And what I have done here is I have gone ahead and selected all of the blue canvases and set them to white and I have set all the backgrounds to black so that we can easily select the contents of each and every canvas inside the image. But you may wonder how in the world I did that. Well, it turns out to be very easy if you know the equation. And I am going to show it to you right now. Let's go ahead and click on the RGB composite image once again to switch back to the full color version of this composition. And I am now going to go to the Layers palette and I am going to Alt-click or Option-click on the eyeball in front of the background layer in order to see the Background layer and only the Background layer.
I am also going to click on that layer to make it active. Alright, so here is thing. You may recall that the guy who provided us this image Malcolm Romaine, he went ahead and thoughtfully colored every single one of the canvases blue, so they serve as a blue screen as it turns out. And if you are familiar with blue screen photography, you know that it makes it very easy to extract the foreground and place it against a different background. Well, the theory is the same here except in this case, we are going to extract the foreground images which are the canvases. And we are going to do that using a command under the Image menu that's called Calculations.
Go ahead and choose that command, and you are going to bring up, it sort of offers a bewildering array of options, if you have never seen this dialog box before. It turns out that I go into all kinds of detail on the Calculations command in my full masking series, Photoshop Channels and Masks, which is available to anyone who is a member of the Lynda.com Online Training Library. But for now, I am just going to tell you the settings that you need to apply in order to mask out the canvases inside this specific image. First of all, make sure that Source 1 and Source 2 are both set to bluegallery.psd, the image that we are working on here.

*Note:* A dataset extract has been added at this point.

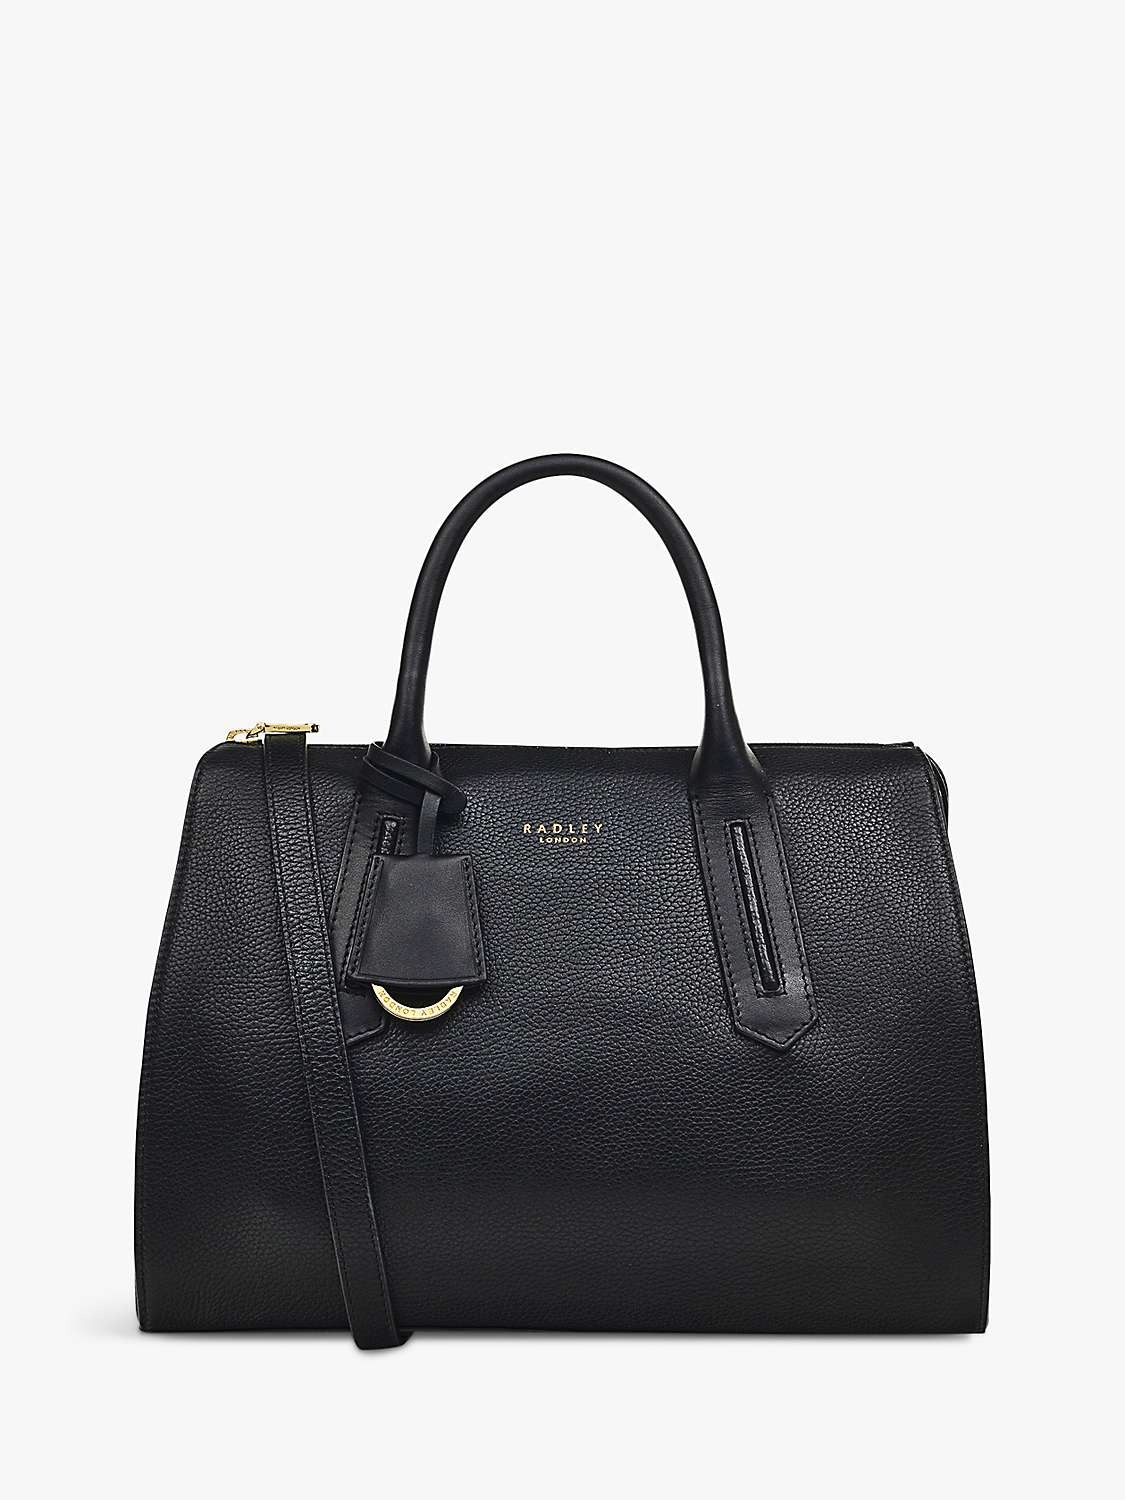 Radley Badgers Walk Medium Zip Top Grab Bag, Black at John Lewis & Partners

Then make sure that both of the layer options are set to Background, they shouldn't be set to Merge, we shouldn't have one set to Merge and one set to Background as at least it's the default setting for me, so both set to Background. Then set the first channel to blue, you always need to set one of these channels to blue when doing blue screen, and then set the second channel to green and then set it to invert, so that we are subtracting the green channel from the blue channel essentially. And then finally, change the Blend mode here from multiply, which is the default setting to Linear Burn.
Opacity should remain set to 100%, that's it. Click OK. Now of course, that's enough contrast, we need to bring those canvases out a little more. So I am going to press Ctrl+L or Command+L on the Mac to bring up the Levels dialog box and I am going to move this black slider triangle to the right of that big heap of colors in histogram here, that big heap of shadow values. And the value of 50 works up pretty nicely here, an input level value of 50 for the blackish colors, for the black value.

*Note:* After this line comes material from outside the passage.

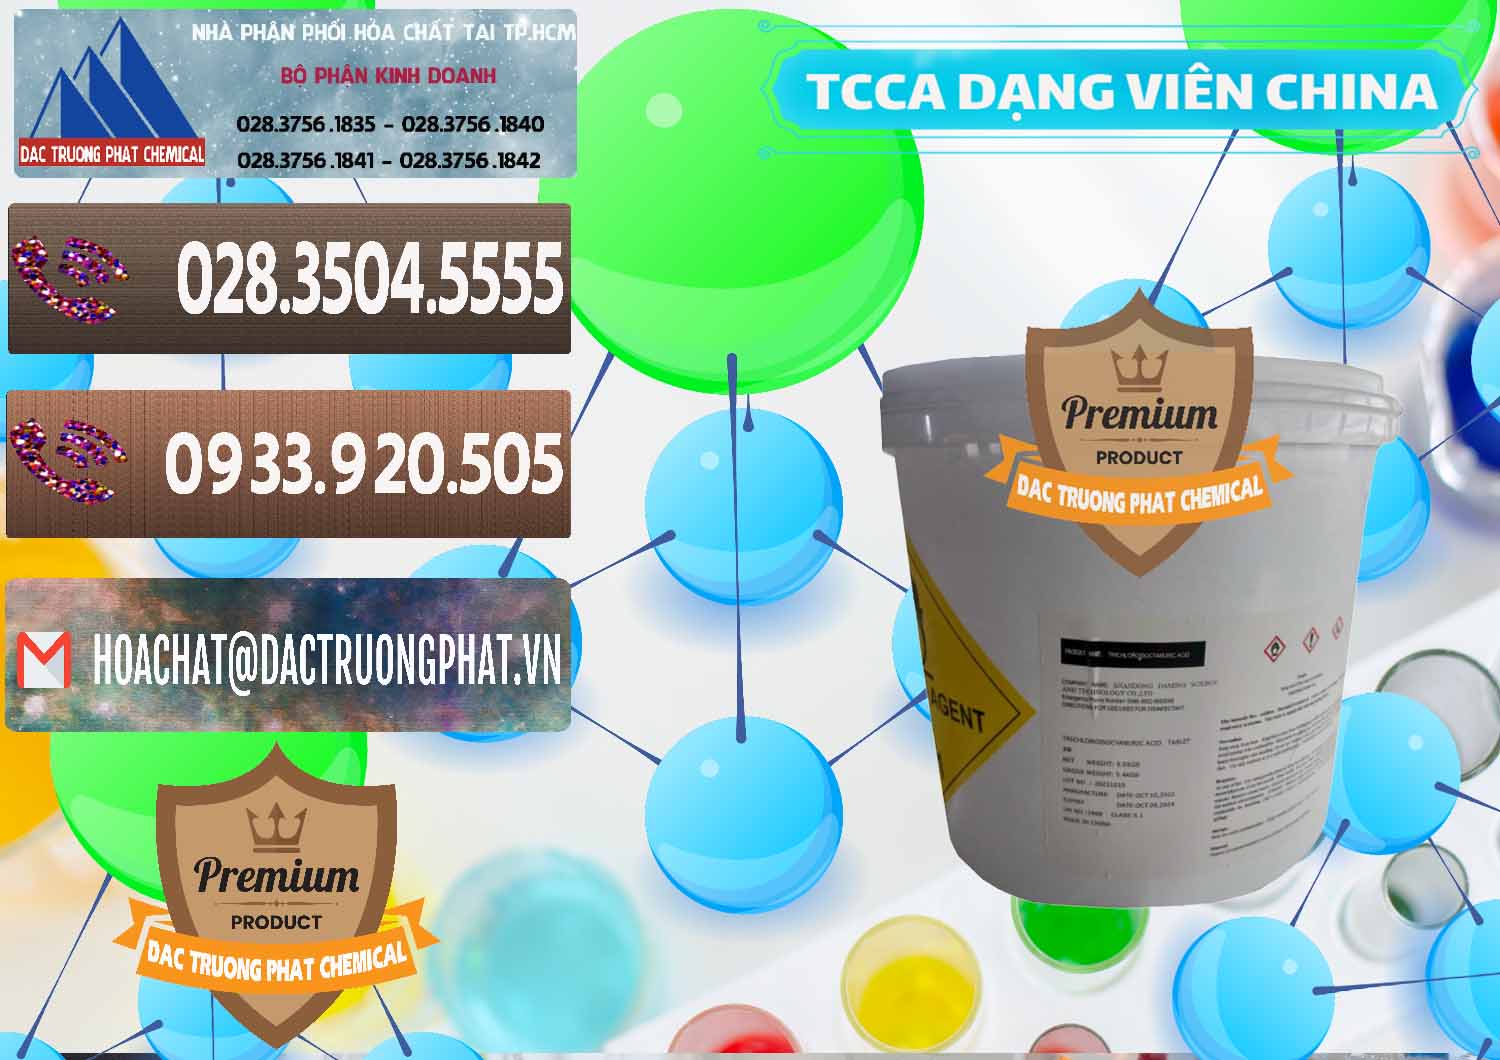 Công ty chuyên bán và cung ứng TCCA - Acid Trichloroisocyanuric Dạng Viên Thùng 5kg Trung Quốc China - 0379 - Công ty bán - phân phối hóa chất tại TP.HCM - hoachatviet.net
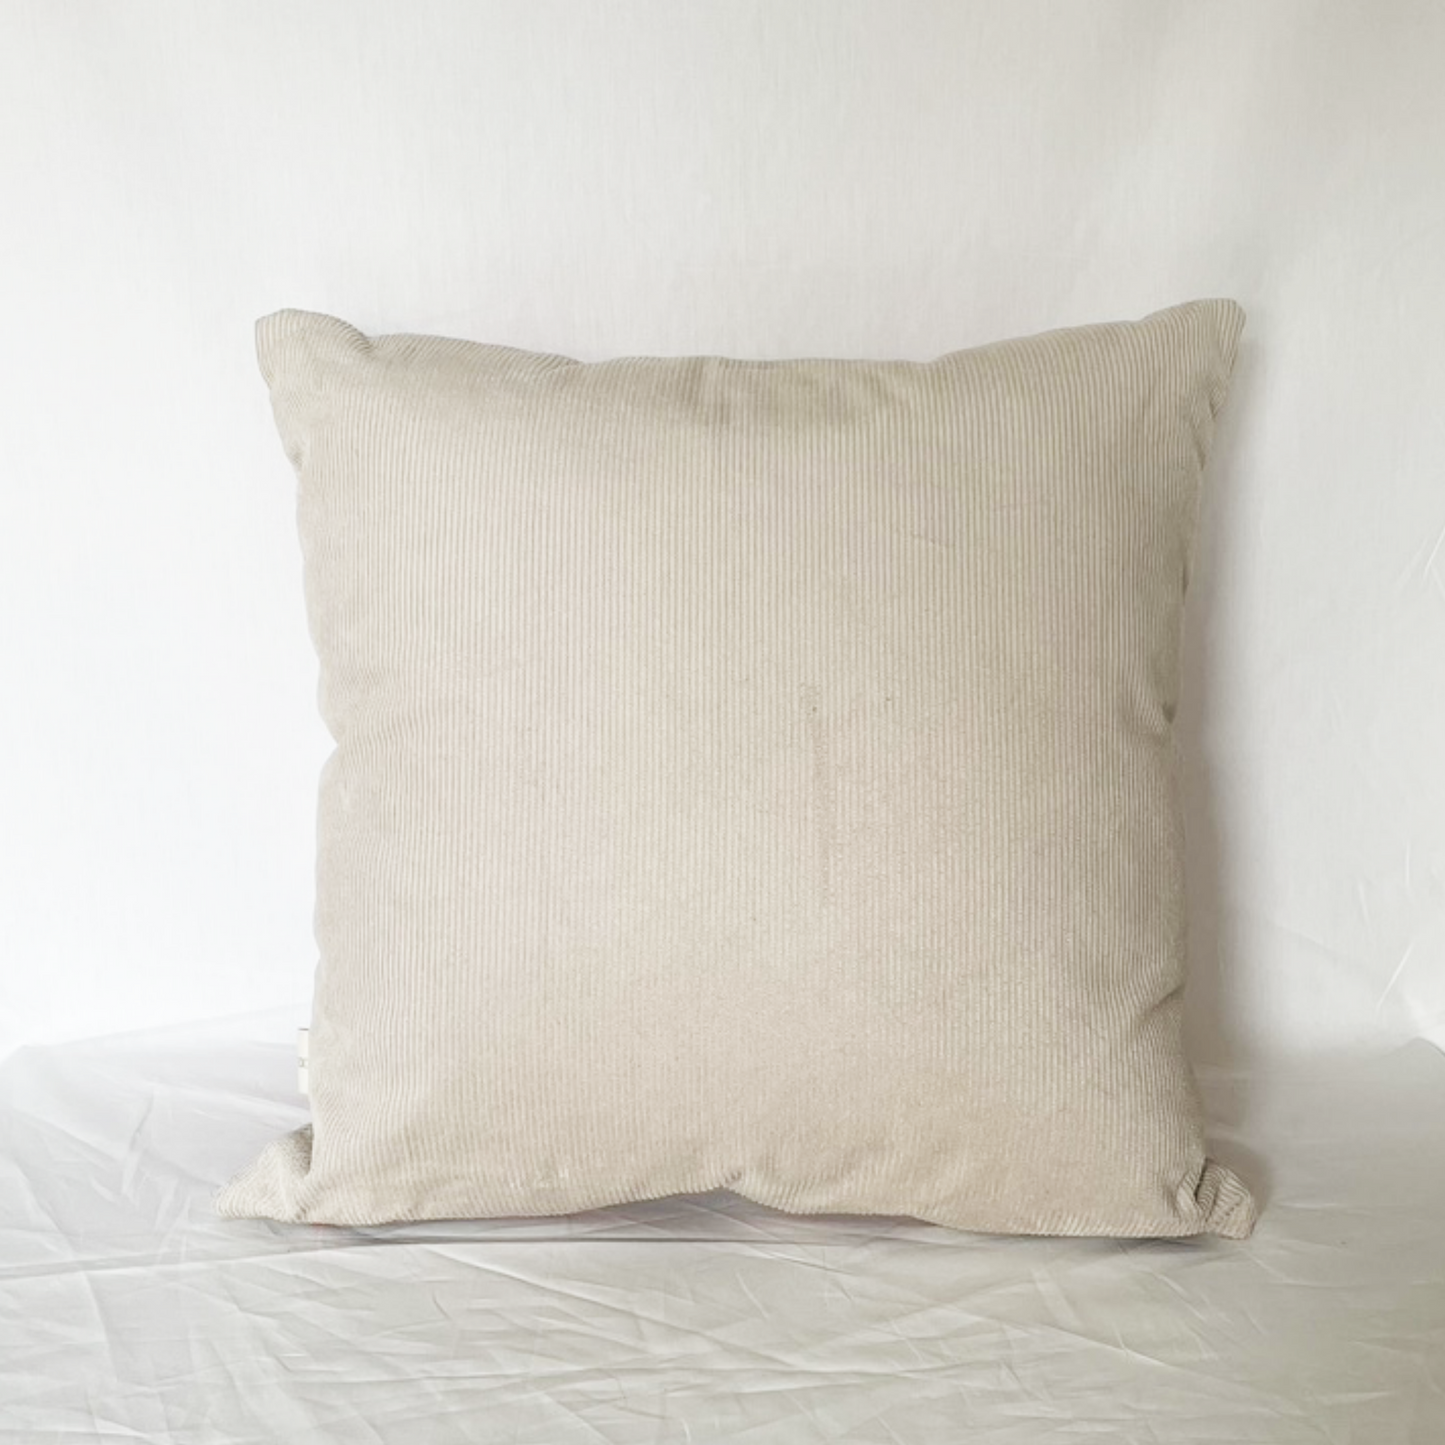 Large Scale Argyle Patterned Cushion- Ready Made

And then, I am going to move the white slider triangle over to the left, well to the left in fact, of this white spike right there, this light spike inside of the histogram, so that the third input levels value is 140. Then go ahead and click OK in order to accept that modification, and we end up making the canvases white and the backgrounds black. Now, let's put this alpha channel to work and notice if you go to the Channels palette, you will see this new alpha channel that was created automatically by the Calculations command.
Once you go ahead and rename that if you want to, you can call it something like My Mask just to distinguish it from the one that I created for you, even though the two should be roughly identical if you click back and forth between them. Alright, let's restore the RGB composite view of the image, and I want you to load My Mask by Ctrl or Command-clicking on the mask thumbnail here, on the alpha channel thumbnail. Then, go over to the Layers palette and Alt-click or Option-click on that eyeball once again to bring back all of the layers to make them all visible, all except the Plains layer that is because we want that one to stay turned off.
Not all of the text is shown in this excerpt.